Red Hat Bugzilla – Bug 1015573
Increase timeout for domain startup.
Last modified: 2014-09-03 00:57:17 EDT
Description of problem:
Domain start timeout is too low, installer will never start domain successfully.
Version-Release number of selected component (if applicable):
Steps to Reproduce:
1. On server launch screen choose to start server in domain mode, continue to Processing screen using default values
Failed to start Server after 2 attempts.
Application Server successfully started.
Can you comment with info on your environment? OS, jvm, maybe the machine specs? I have been unable to reproduce this, but it's definitely possible that on lower-spec machines the domain server start-up takes longer than the timeout we give it.
Created attachment 808741 [details]
Starting domain with installer in windows (6.2.0.ER4)
I am able to reproduce this on my Lenovo T520 with Fedora 16, Oracle JDK.1.7.0_40 locally (not 100%), also on my virtual RHEL 6.4.
Moreover, trying this on one of windows host in our lab I'll get bunch of IAEs (see attachment 808741 [details]). I am able to start domain without any exception on the same host (W2k8r2-x86_64) with ER3 installer. No IAEs on Fedora/RHEL.
I am getting IAE message on Processing screen every time on windows even if I don't start server by installer (using just default values where it is possible).
W:\pkremens>java -jar jboss-eap-6.2.0.ER4-installer.jar
Exception in thread "AWT-EventQueue-0" java.lang.IllegalArgumentException: bad position: 49
at java.security.AccessController.doPrivileged(Native Method)
However I am able to finish installation successfully.
Shall I create you a new BZ for this?
I think this IAE message is a completely different bug than the server timing out on some systems. So yes, you can make a new BZ for it. Thanks!
I've increased the number of attempts made to connect to server during the domain jobs, and also made the default wait-between-tries 3 seconds instead of 1.
Note: We may have to find a better solution then polling the server repeatedly until it's responded or timed out, as sometimes the server responds with an HTTP OK before all of its subsystems are actually ready and this could lead to failure on slower systems that take longer to start up.

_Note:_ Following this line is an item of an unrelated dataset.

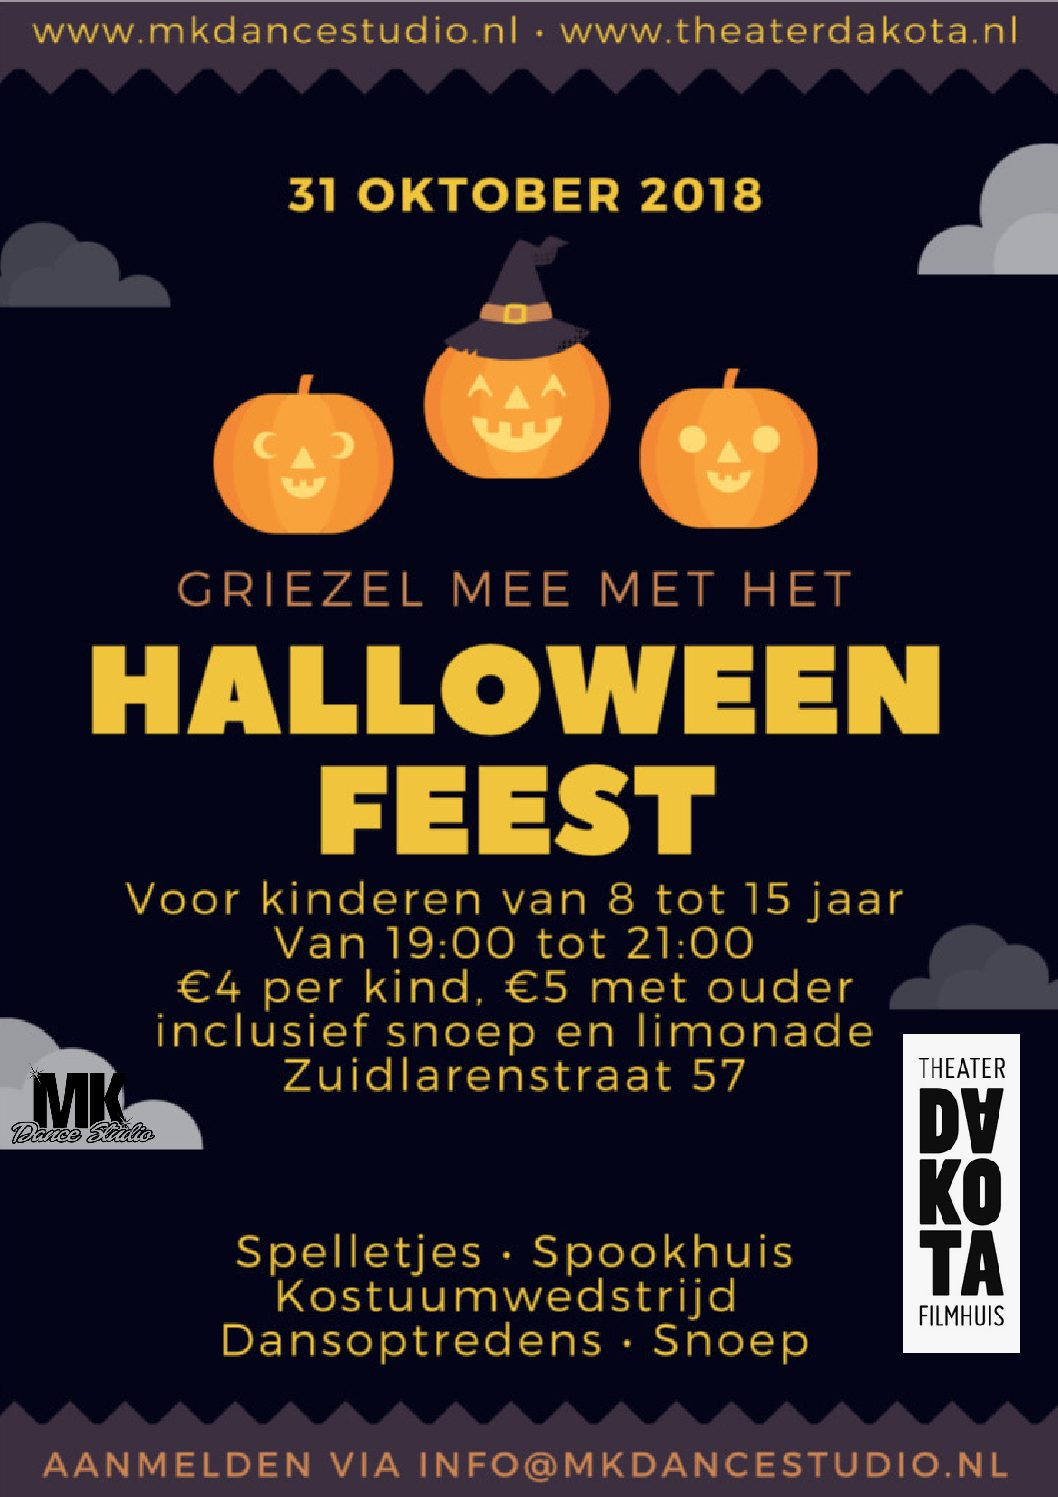 31 Oktober Halloween Feest.Aanmelden Halloween Feest Gestart Mk Dancestudio

This happens more in domain mode.
I am able to start domain via installer on all platforms. But on windows installer still makes only 3 attempts (Checking if server is ready...(1/4).). Is this problem only on my environment, or can you reproduce this as well?
You may also try to grep server logs for "Started in" string.

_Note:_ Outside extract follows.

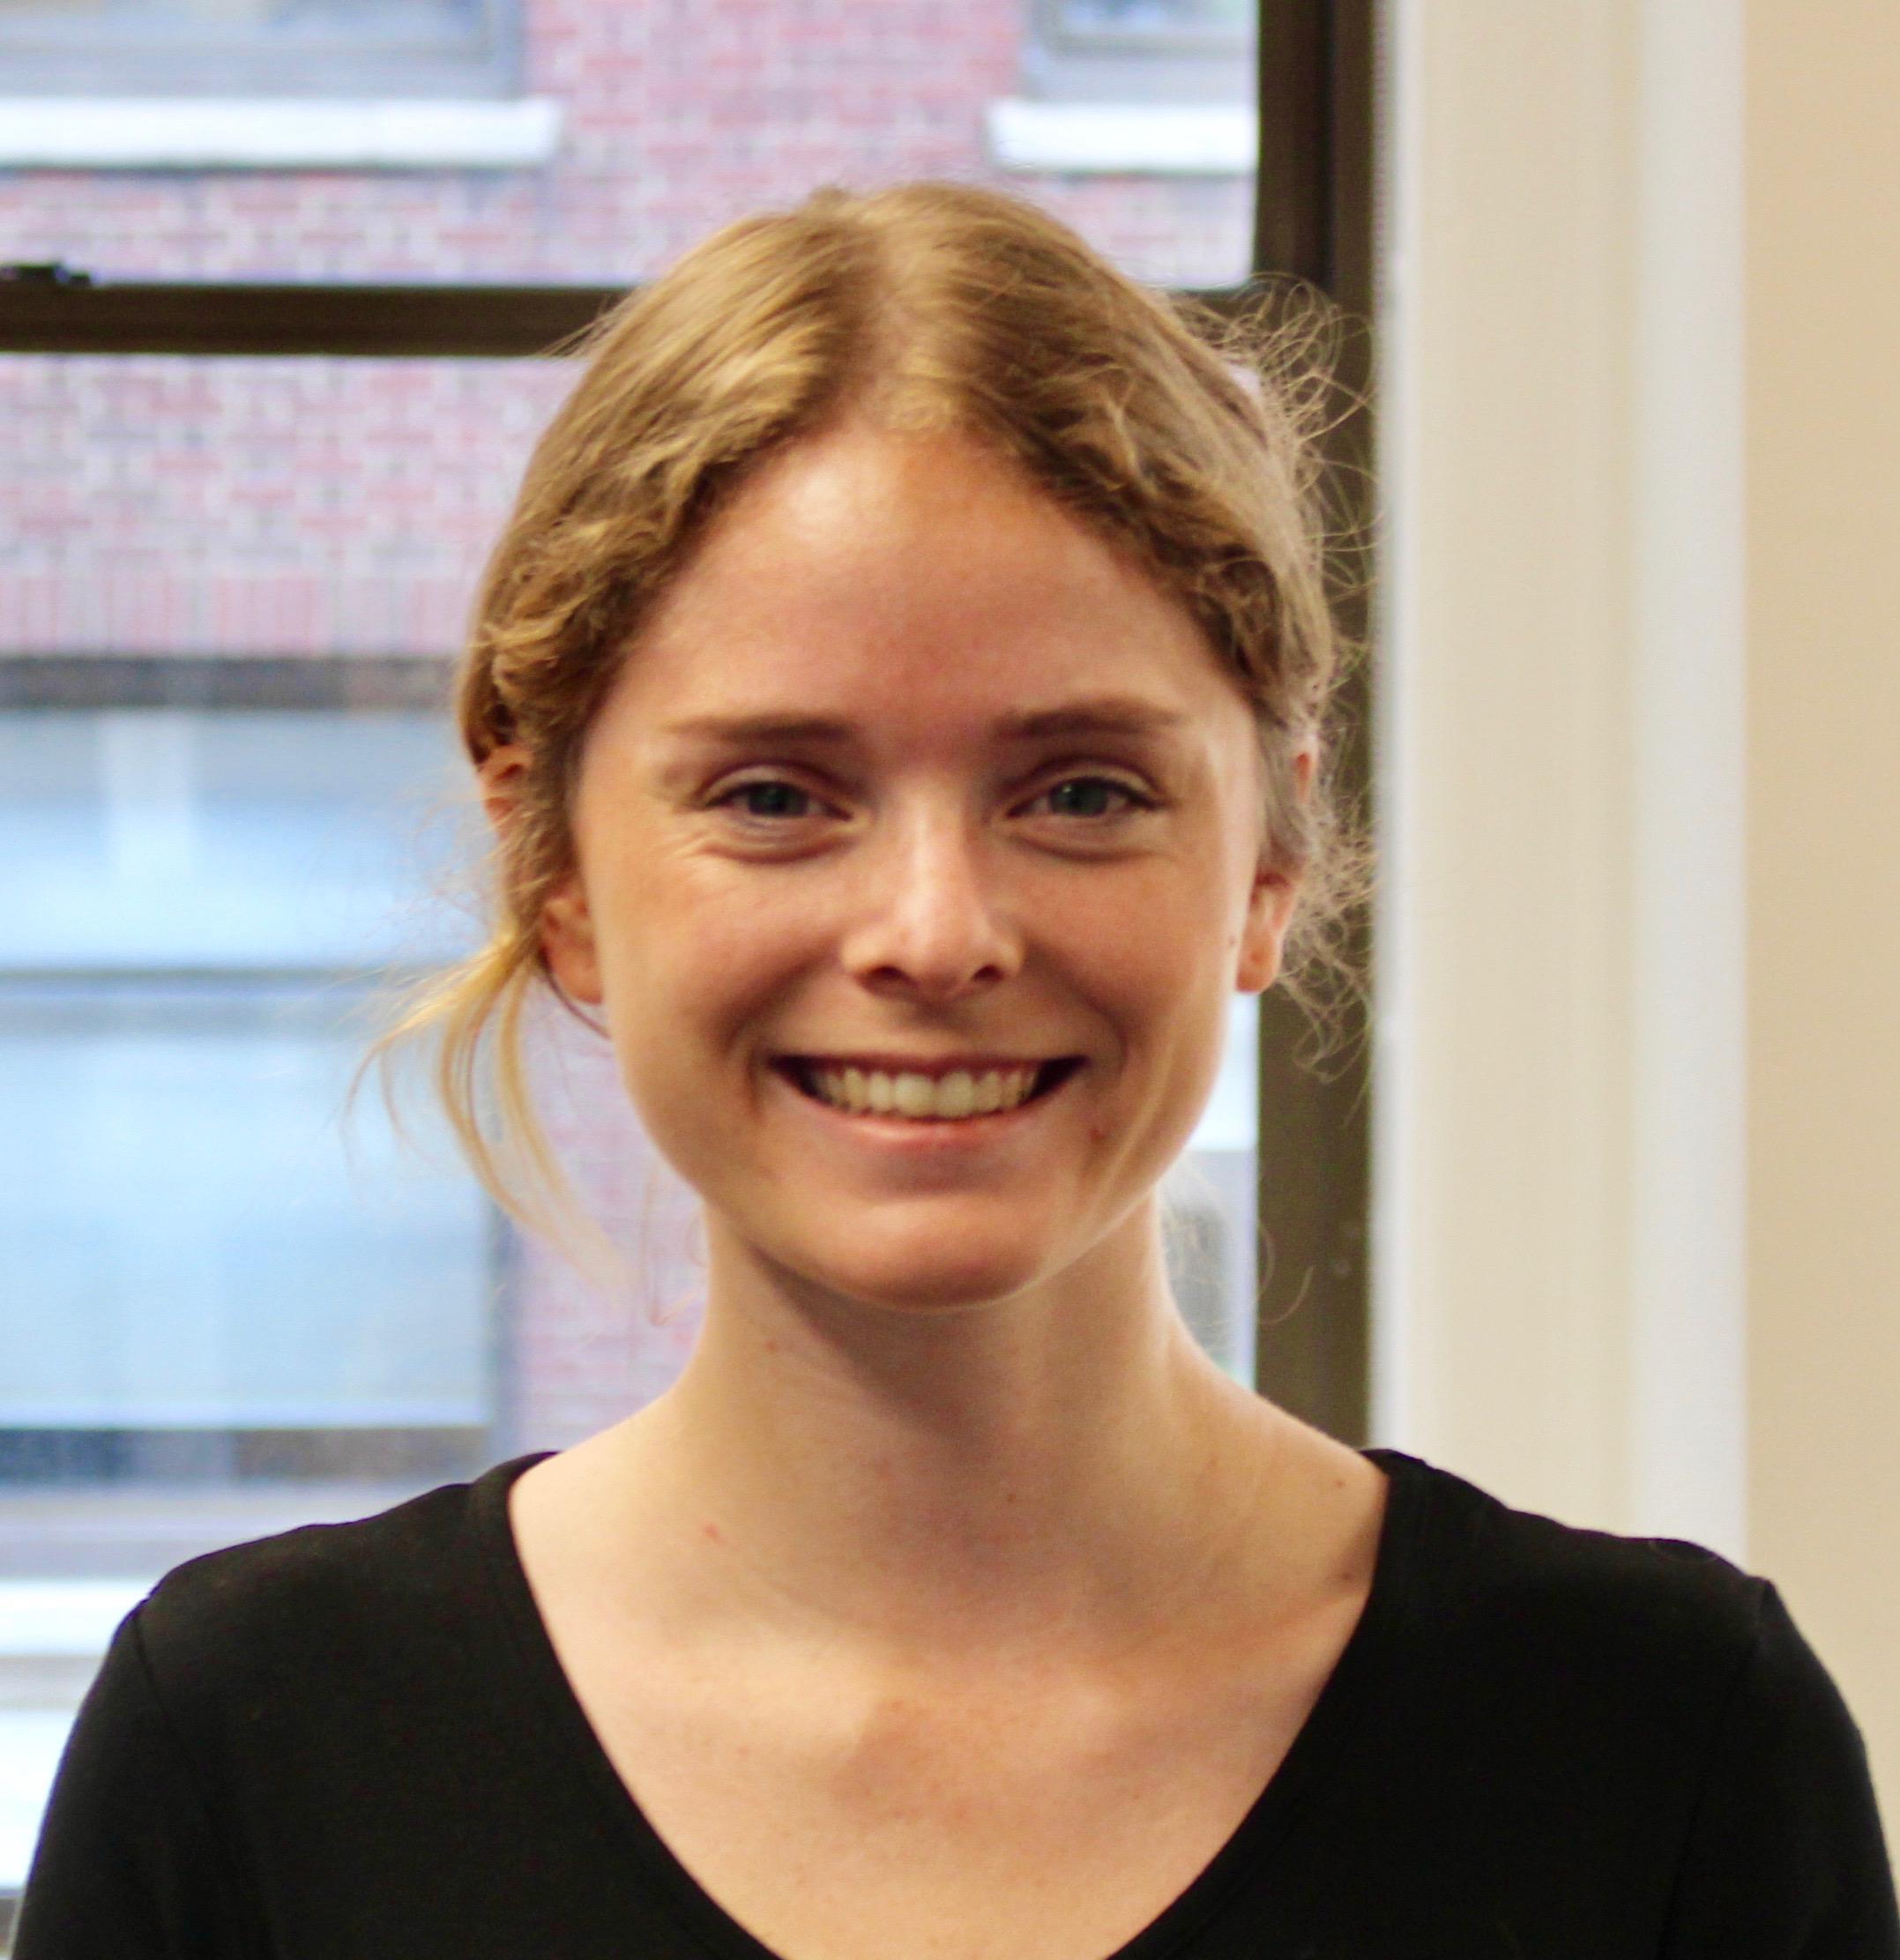 Abby Linn

It's a common practice in our tests to combine these two approaches (HTTP == OK && "Started in") in waitForServerStart() methods.
I am returning this to assigned, however we can close this once we solve BZ1007768
We've now implemented something similar, where we scan for particular server codes in the output of the server start-up jobs in order to determine whether it's ready or not. If the expected code never appears, we do one final check of the management or http interfaces. Only if both of those methods fail do we then timeout and output a fail message.
In addition we'll be increasing the number of tries, as the domain server can really take a long time to completely ready itself on some systems. But with frequent tries, this won't impact speedier systems much.
See this commit, and the 3 other commits directly following it for details:
Verified on EAP 6.2.0.ER6 installer.
This fix solved also BZ982191 as starting domain on windows with JDK 1.6 will hang no more.